WHEN EIGHT BELLS TOLL
I have a clear memory of seeing this film at the cinema when it came out in 1971, which means I was fourteen years old when I saw it.
So out of nostalgia I revisited it although I had no memory of any specific scene or moment. As I watched it nothing rang any bell with me, until near the end when Anthony Hopkins slightly loosens the front of a blouse of a young woman so that she can distract a guard. For some reason this moment evidently created a memorable erotic frisson for the young me.
The woman then strokes the barrel of the guard’s gun suggestively and asks whether it is loaded. That I had no recollection of this unsubtle innuendo suggests it passed right over the head of 14-year-old me.
This is Alistair Maclean’s adaptation of his own bestseller and the producers hoped it would repeat the success of ‘Where Eagles Dare’ and maybe even be the start of a new franchise to rival the James Bond movies.

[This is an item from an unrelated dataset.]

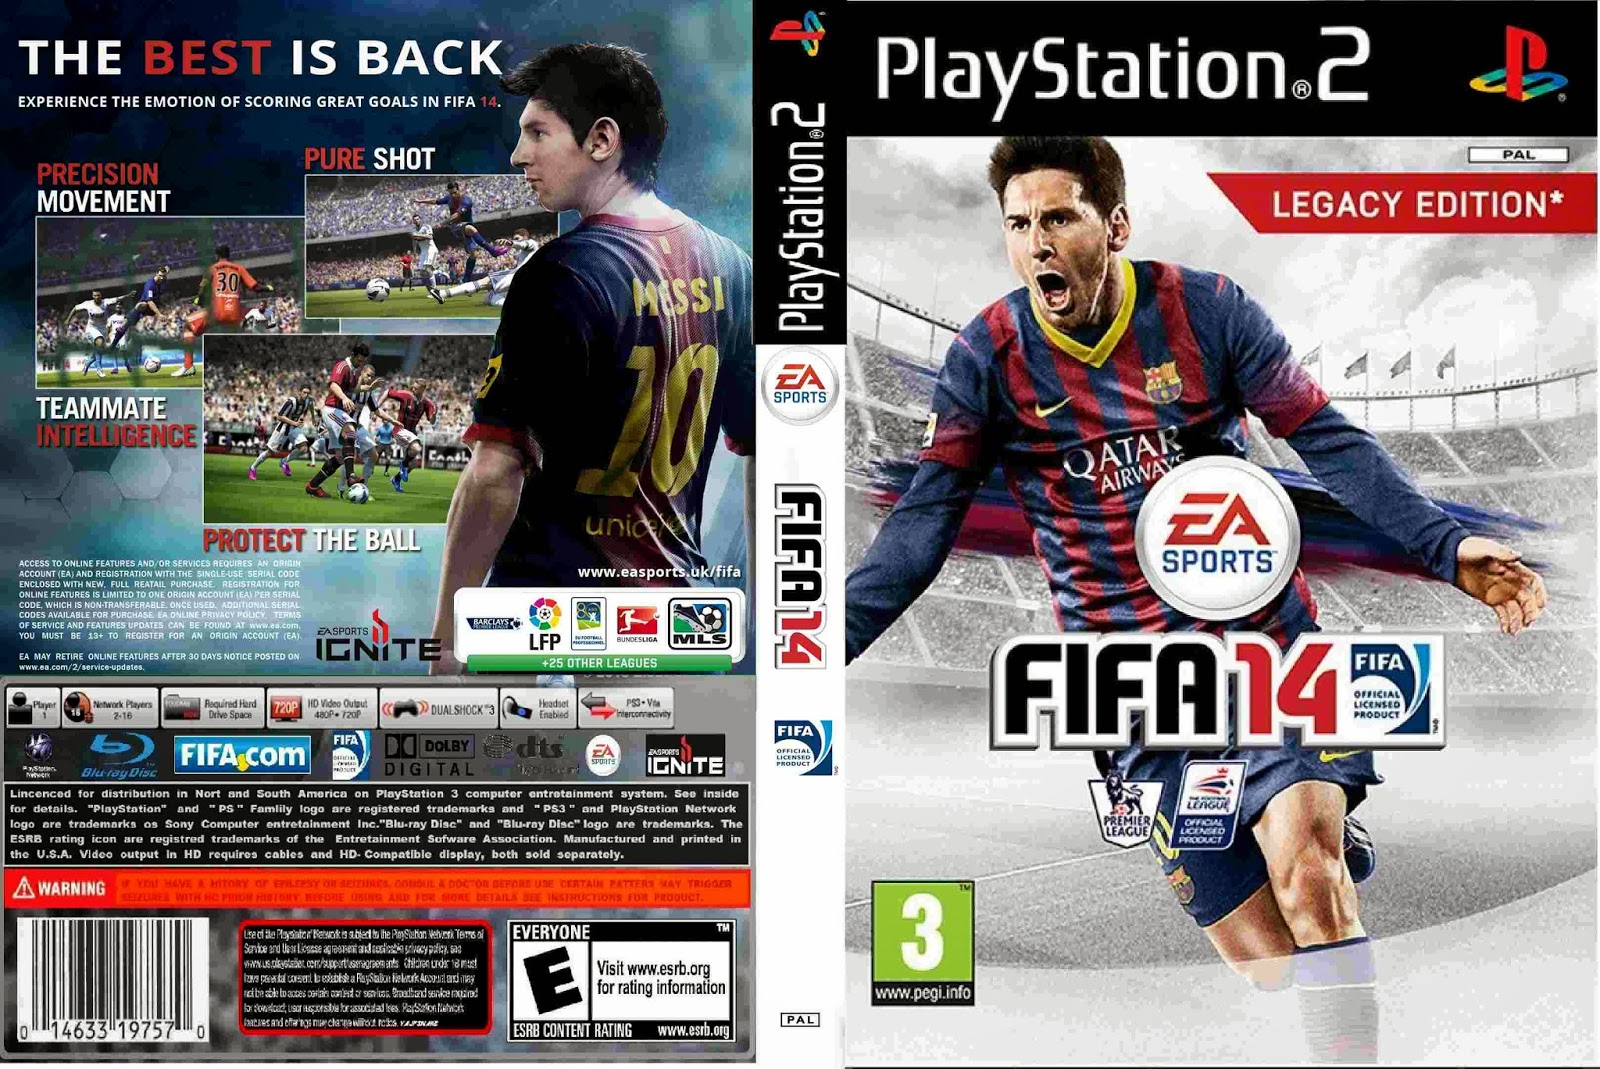 Fifa ps2. ФИФА 14 на ПС 2. FIFA 14 Legacy Edition ps2. Sony PLAYSTATION 2 ФИФА. FIFA 2015 ps2.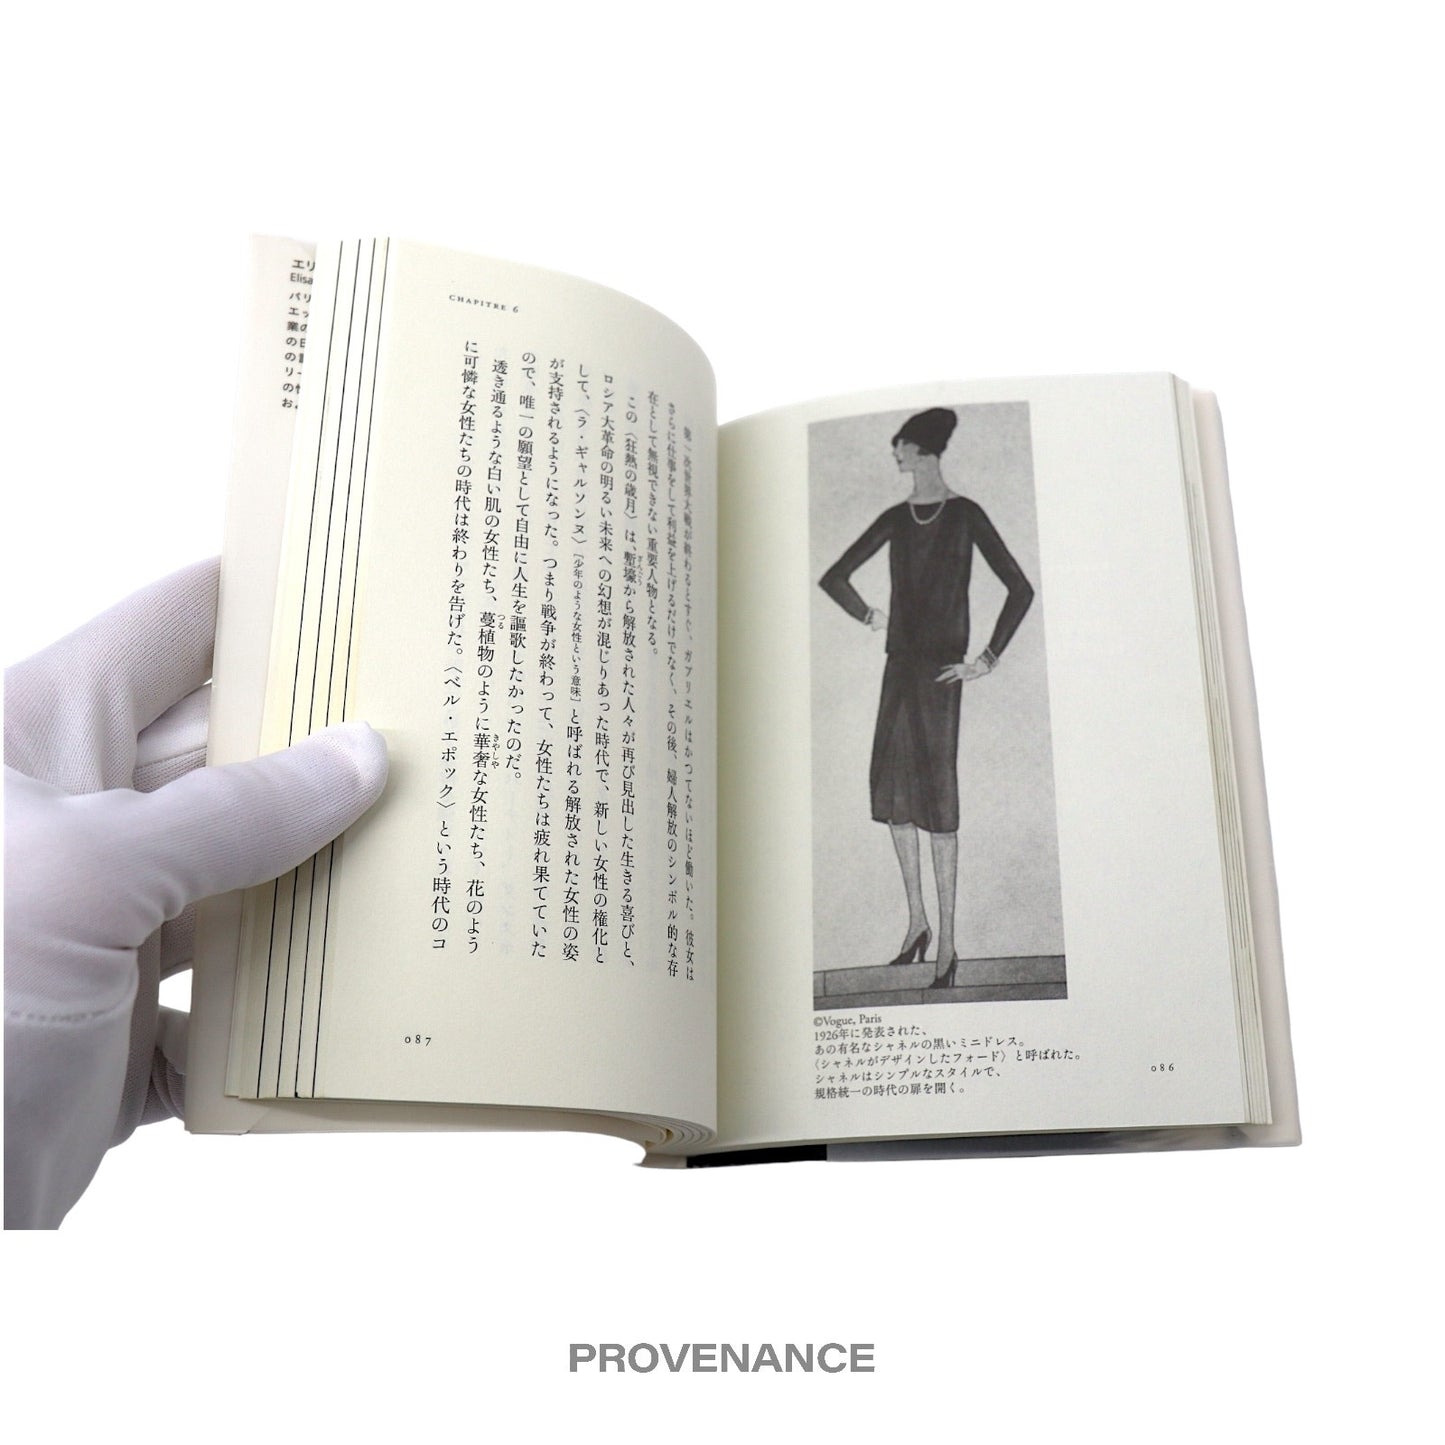 🔴 Figaro Coco Chanel Book

But it was a commercial flop for which the producers seemed to hold the director, a Belgian obscurity, mainly responsible. Admittedly the direction is anonymous but there’s plenty of blame to spread around. There’s a lack of any star to match the likes of Burton or Eastwood, the story is not Maclean’s best, and the score fluctuates from clunky one moment to being a blatant John Barry rip-off the next.
There are some pluses though.
Hopkins was a relative unknown but he has an undeniable presence that keeps the viewer engaged. He’s well cast as an insubordinate chap with a chip on his shoulder, his prickly relationship with Robert Morley (playing a more pompous version of M as only Morley can) is amusing enough, and indeed the dialogue is rather wittier than I was expecting.
The film also benefits from being shot on location off the west coast of Scotland. There’s a very good sequence involving a helicopter crash which Hopkins miraculously survives.
On the downside the film failed to convince me that the plot (which involves the disappearance of ships carrying gold bullion) was anything but silly. In order to extract the most from Morley his character quite absurdly comes up to Scotland and ends up as Hopkins’ sidekick.
This being Maclean there has to be a twist except that here the identity of the real villain manages to be both obvious from the start and also implausible. And for no good reason he turns up at the end simply so that he can be dispatched with a harpoon in the back.
Jack Hawkins for some reason plays a Cypriot and only appears in a couple of scenes.